Further down the road from the Connely's were the Zelinski's. They had a son named Tim and I would go there to play football with him. Every weekend during the summer months I would go by and see if they were home. They did come most weekends. He had an older brother that didn't bother with us kids, and his parents were rather reserved people. They had other folks that had a trailer across from them that they played cards with. They too, were from the city, although the reality was it was just someplace up island from us, not New York City proper. Still, we thought anyone from up island came from the city.
Now I wasn't really aware of this growing up, these folks coming to a vacation spot, like an amusement park to them. That these people drove an hour or more to just come to my town amused me. I did wonder why they came out there. I imagined the city was a stifling place, probably full of crime. They must come to escape all of that. At least that is what I heard the adults say. That these folks came to "party" wasn't in question, it's what they did. I figured they must have a good amount of money, to afford to vacation every weekend! Well, they did own a second home and drove foreign cars.
So here it is almost sixty years later and I wonder about those people.

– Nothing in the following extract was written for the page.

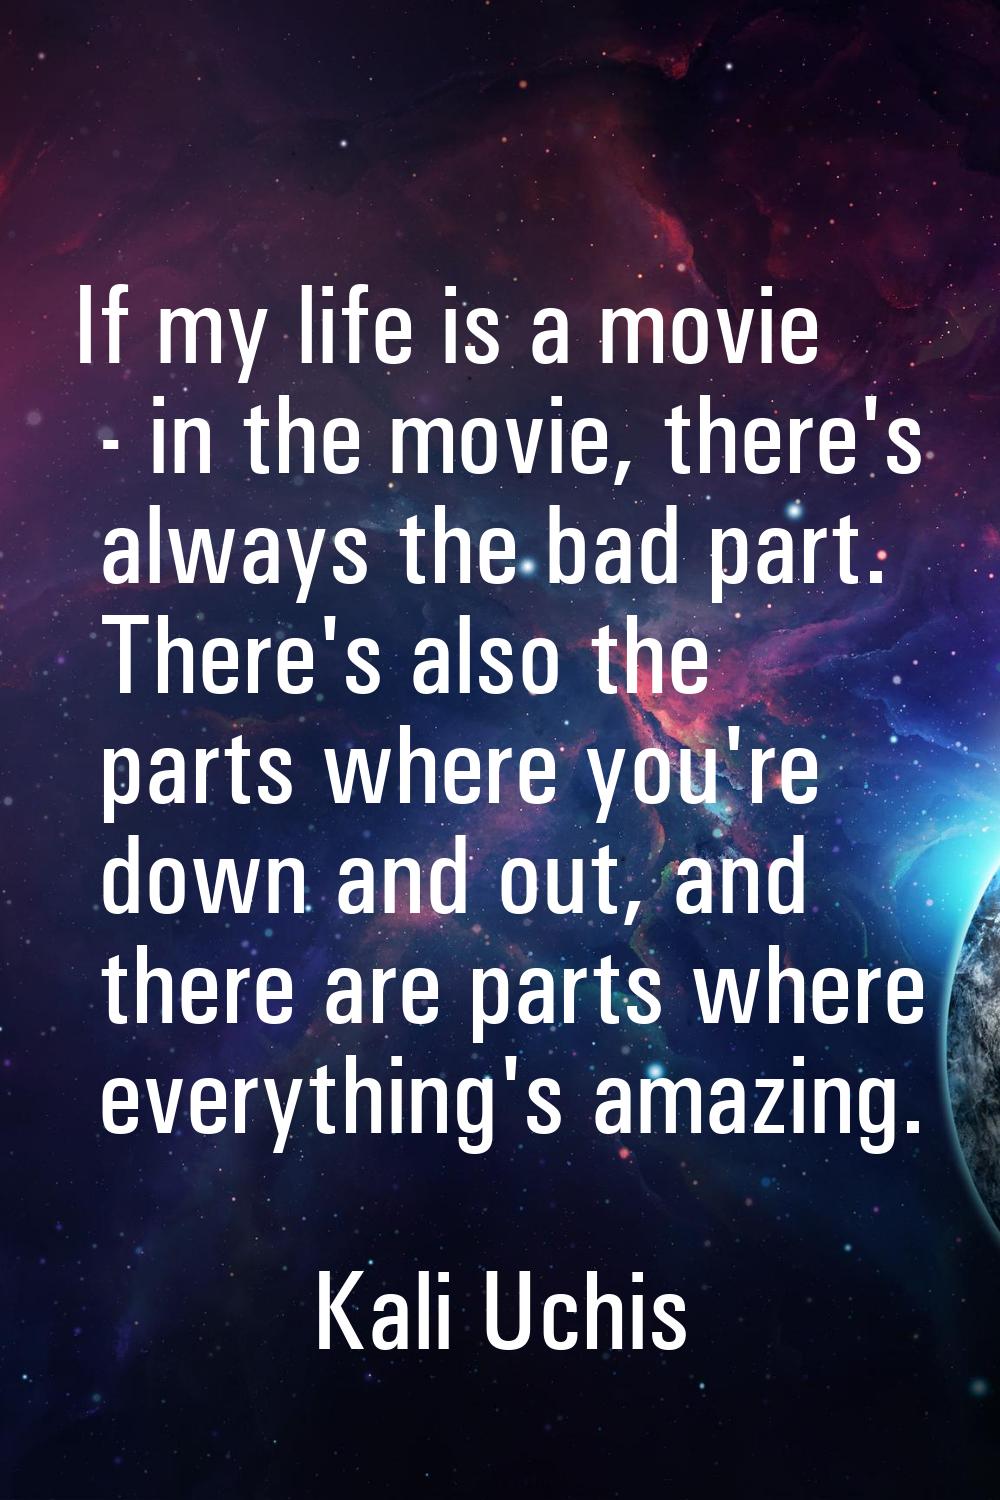 If my life is a movie - in the movie, there's always the bad part. There's also the parts where you

The trailers are long since gone of that I'm certain. I left that town nearly fifty years ago myself, my vacation over. Yes, I'd say the majority of my childhood was like a vacation. I had a few odd jobs and worked at the IGA for a while. Later on I worked full time right on Main Street. But reality reared its' head and decisions were made. The vacation was over. I wasn't aware that I was living in the vacation spot, in the amusement park as it were. That a great deal of the economy of that town was dependent upon the tourists I was very much aware. It remains that way to this day. The tourists have all but purchased the entire park now, they certainly control things. One day the vacation for them will be over as well, it's a cycle. Once the transition is complete that is.
When the vacation spot is turned into home, a new destination will be desired, to escape. It's just the nature of things. Reality gets boring, reality can become drudgery, we need an escape, a vacation. A place to go that is different, that offers more; or less. I expect those city folks thought they were in the wilderness, and I was just in my backyard. Reality is an illusion, depends on what you choose to believe I suppose.